**Information provided:**
*** Block opens ***

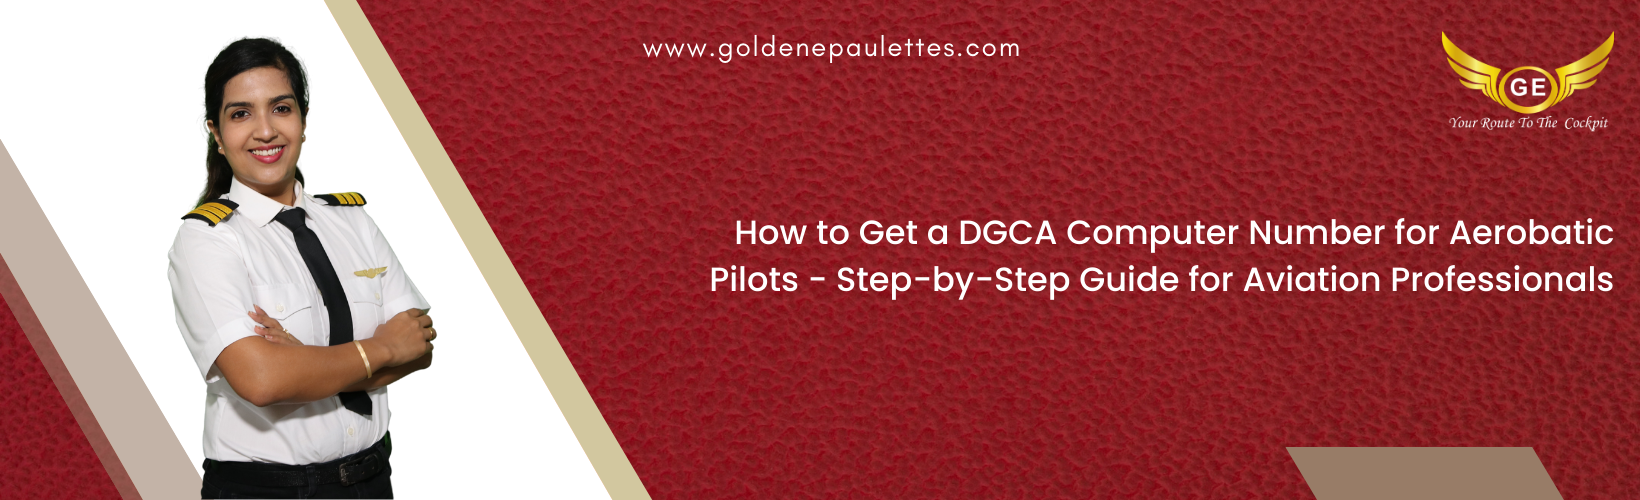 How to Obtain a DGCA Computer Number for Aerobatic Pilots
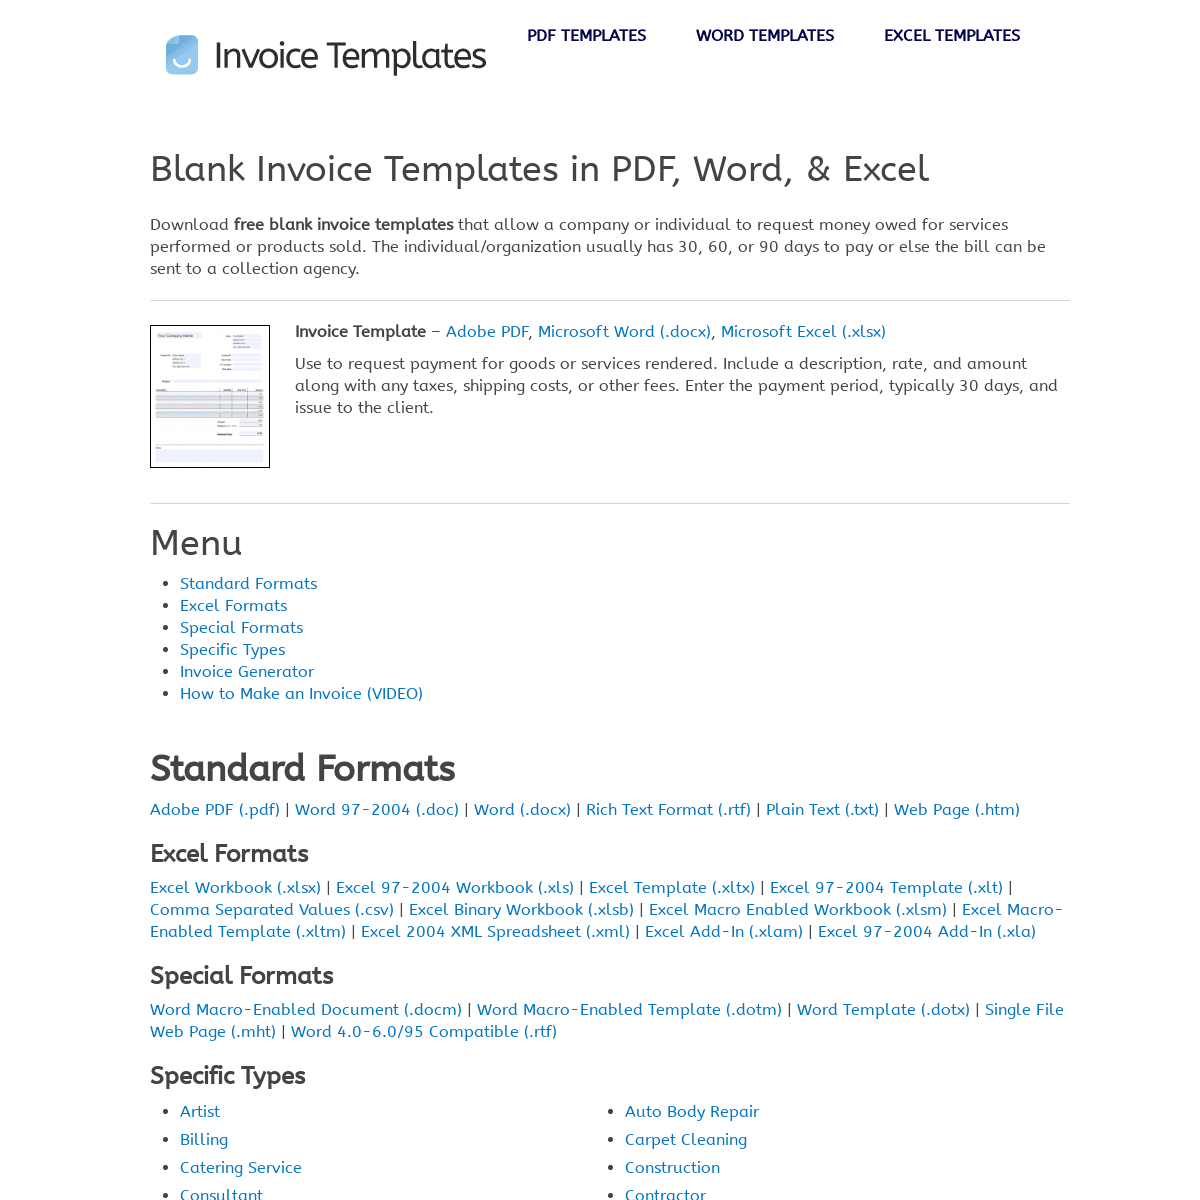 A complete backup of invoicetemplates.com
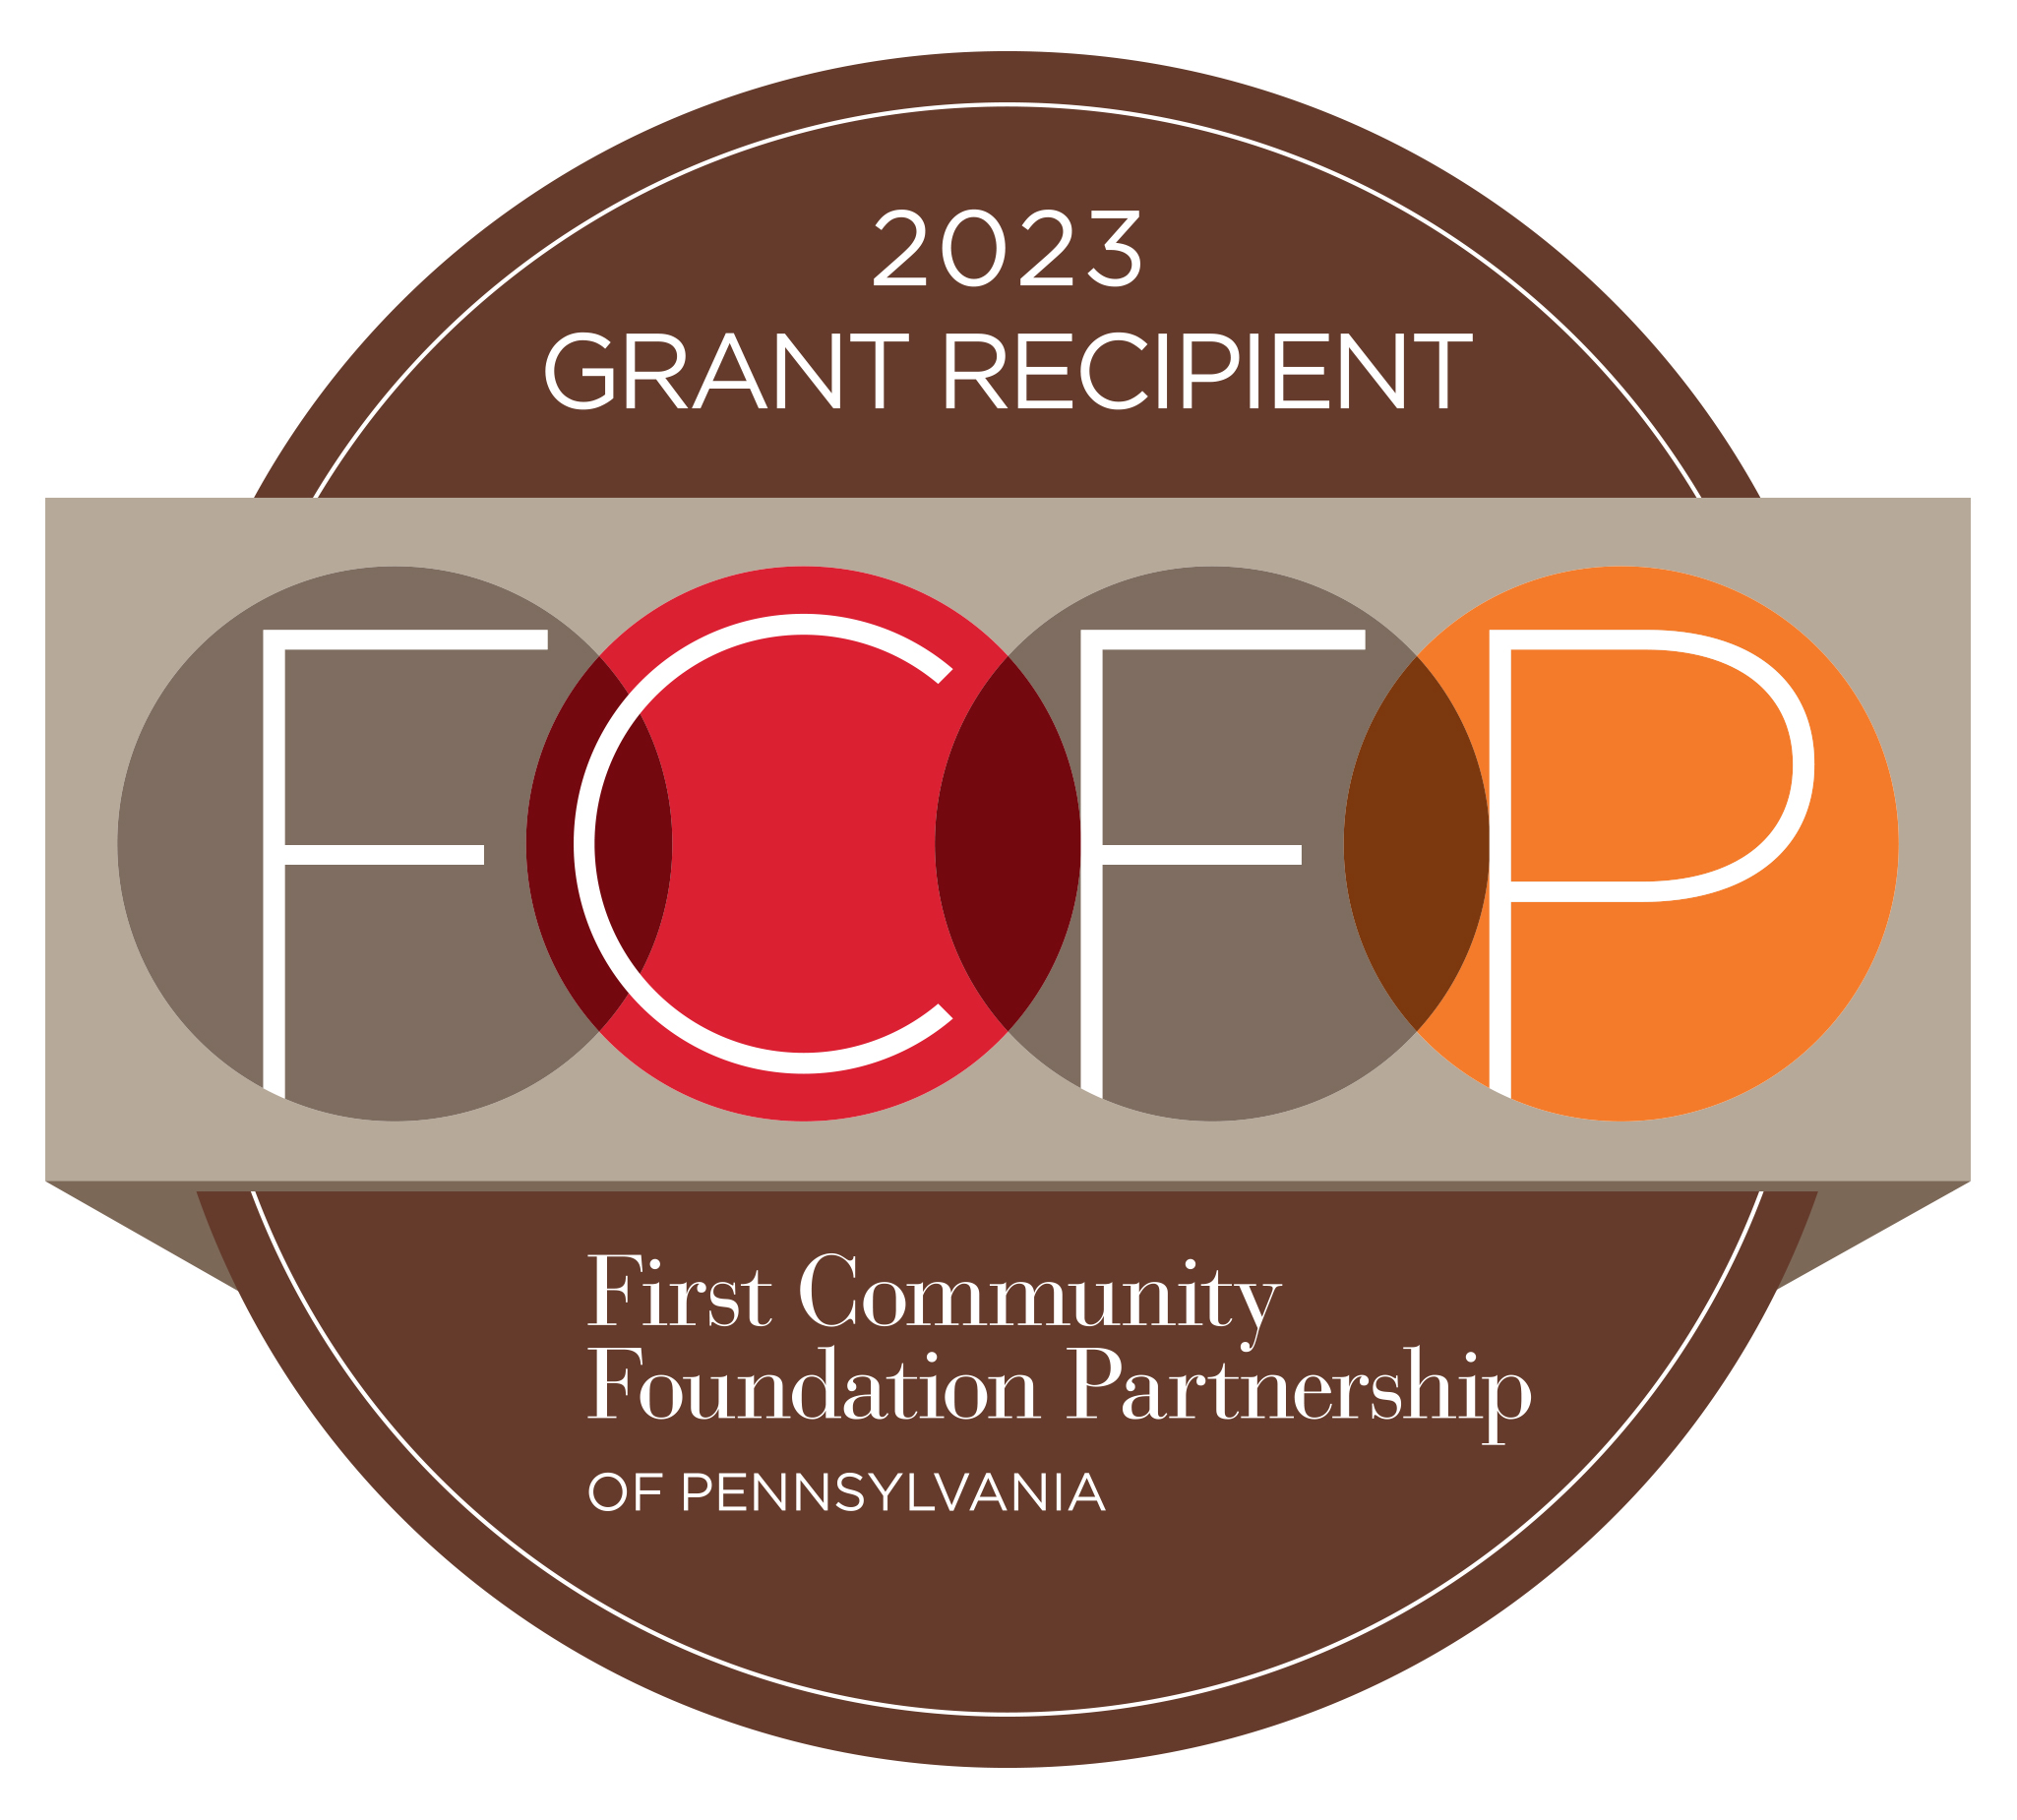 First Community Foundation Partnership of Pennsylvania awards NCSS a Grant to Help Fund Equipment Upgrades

*** Block closes ***

**Your objective:** All of the material above goes into the copy exactly as is; the pictures do not.

**Response:**
 How to Obtain a DGCA Computer Number for Aerobatic Pilots
 A complete backup of invoicetemplates.com
 First Community Foundation Partnership of Pennsylvania awards NCSS a Grant to Help Fund Equipment Upgrades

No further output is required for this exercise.